Mud on the Wall: Brainstorming the Apocalypse (XXXIII)

April 20, 2010

As I asked at the end of my last post, why is it that the Book of Revelation depicts “the bad guys” (beyond Satan, the Beast and the false prophet) in several different ways, instead of focusing everything on one consistent portrayal?  As you will see, that is a very good question… and, frankly, I’m not sure that I can answer it directly.

Well, you might ask, “How can you answer it?”  By pointing that essentially the same thing is done with “the good guys.”

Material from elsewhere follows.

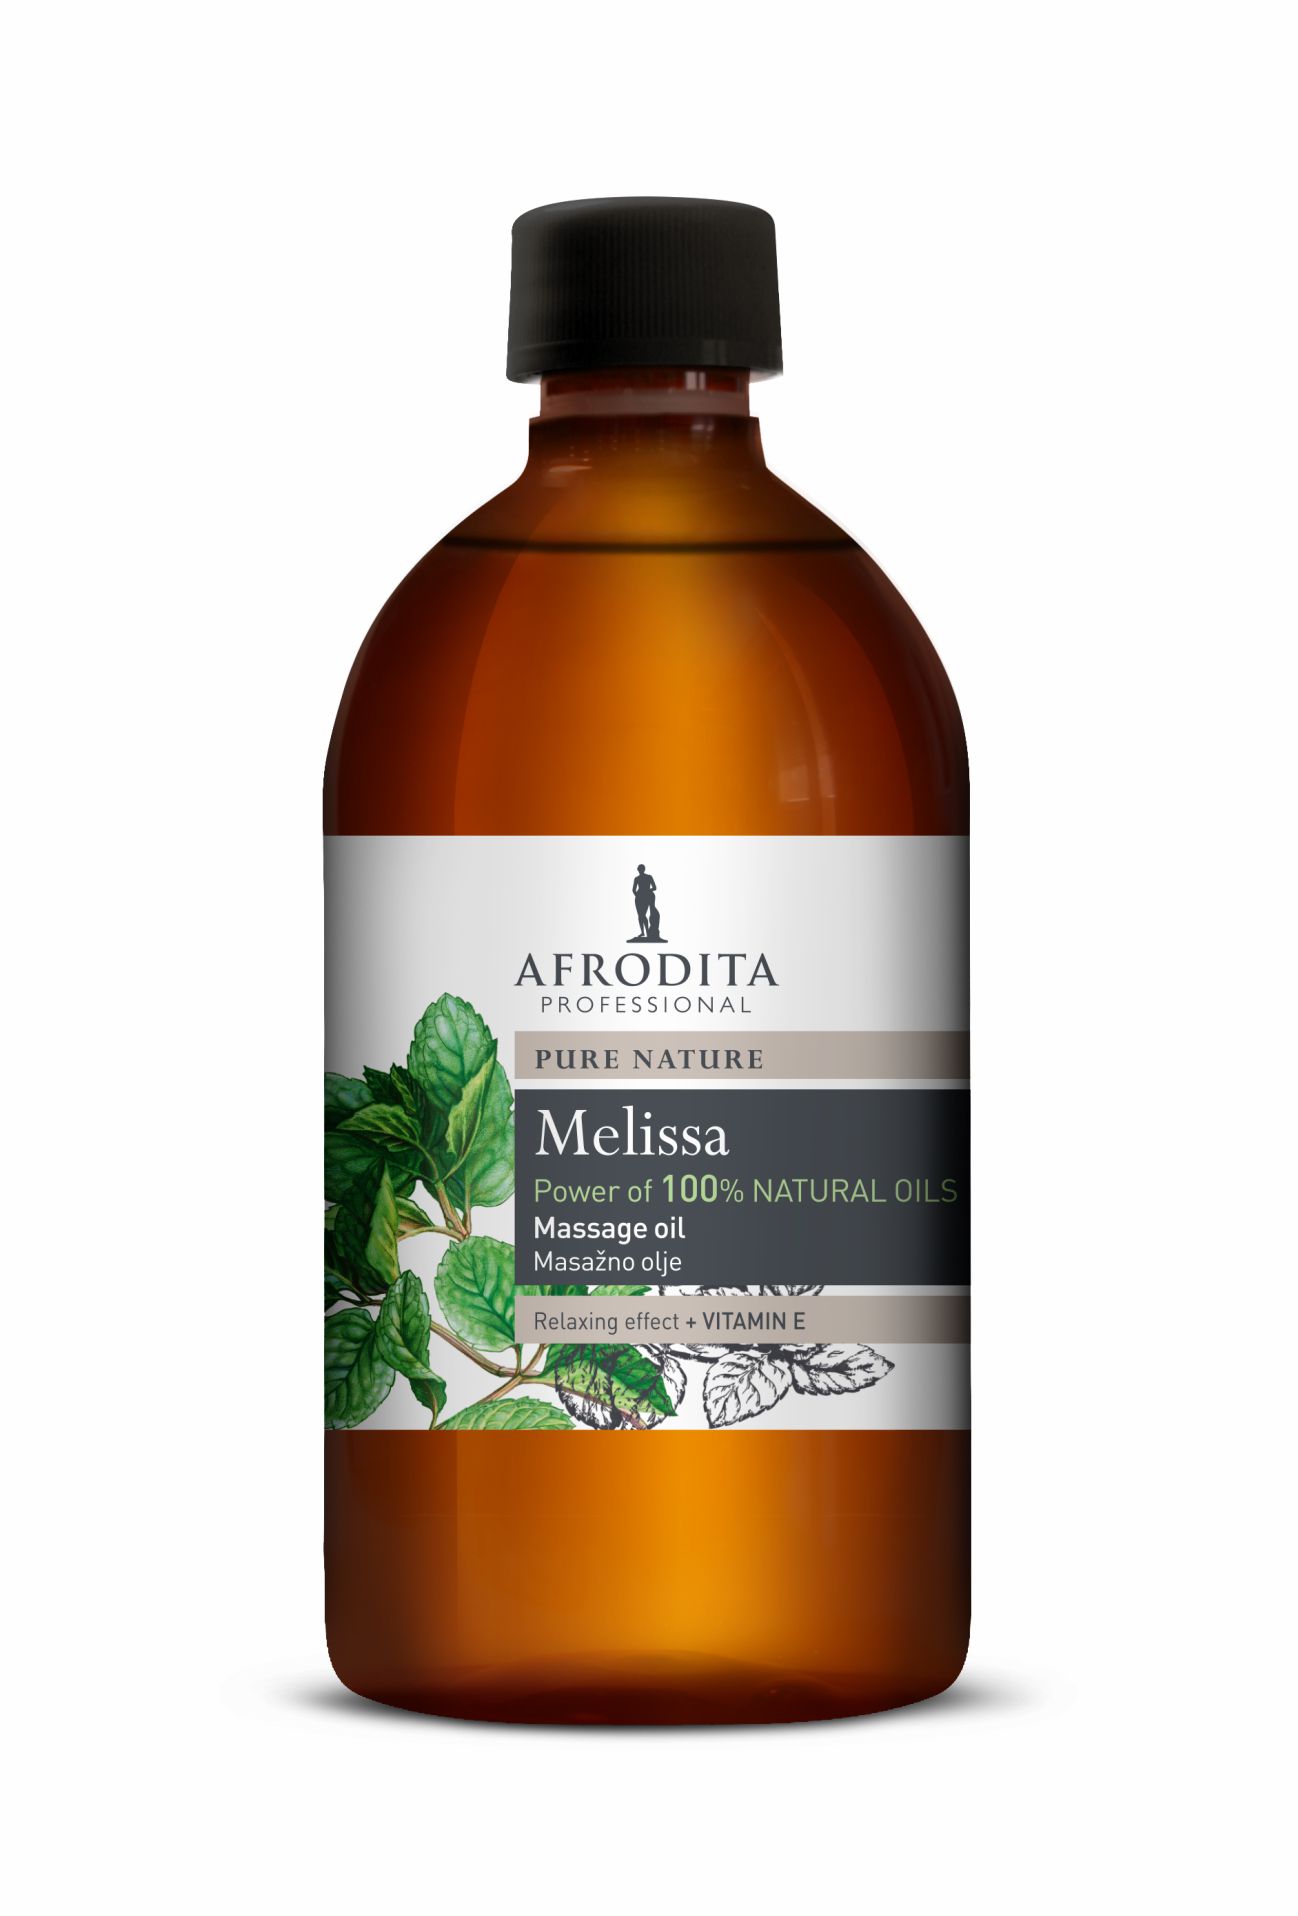 Kozmetika Afrodita - Olej do masażu 500 ml - Melisa - relaks i wyciszenie

You might then ask, “How does that help?”  My attempt at an “answer” to that follow-up: To show that, from the beginning, there have always really only been two kinds of people: those rightly related to “the ultimate seed of the woman” (i.e., Christ) and those who are the seed of the Serpent–almost certainly what Jesus is talking about in John 8:44 with the wording “You are of your father the Devil, and you want to carry out his desires…” (HCSB).

That spiritual choosing of sides started with Cain and Abel.  Abel is in the Hebrews Hall of Fame because of his faith (Heb. 11:4).  And, according to 1 John 3:12, Cain’s acted to murder his brother because he was “of the evil one,” i.e., Satan.

Seeing that ultimate spiritual reality played out in Revelation, at the opposite end of Scripture from the earliest chapters of Genesis, is–at least to me–a good enough reason for the face-off effect between “the good guys” (i.e., the elect) and “the bad guys” (i.e., the non-elect) in the Apocalypse.  Having said that, let’s move on to the various parallel–if also opposite–depictions.

By the way, a few years back, Emily Hunter McGowin did a paper at an E.T.S. meeting called “Getting in Touch with the ‘Feminine Side’ of the Apocalypse.”  I have just posted it on this blog site for your information, should you be interested to read a more in-depth–and highly documented–version of some of my reasoning here.  As you will see, I had more or less come to these same general conclusions way back then, but did not play out the full implications.  In retrospect, I think I was just too shell-shocked at the time with our findings and, thus, mentally and emotionally unable to pursue the matter further at that point.

But, I am in a position to be able to follow through to the next step now.  So, let’s take a look:

In roughly the first half of Revelation, there are two female figures: Jezebel, in the church at Thyatira, in 2:18-29, and the woman who bears the Messiah in 12:1-6, 13-17.  Jezebel is said to know “the deep things of Satan,” while the godly woman in ch. 12 is pursued by the dragon (i.e., Satan).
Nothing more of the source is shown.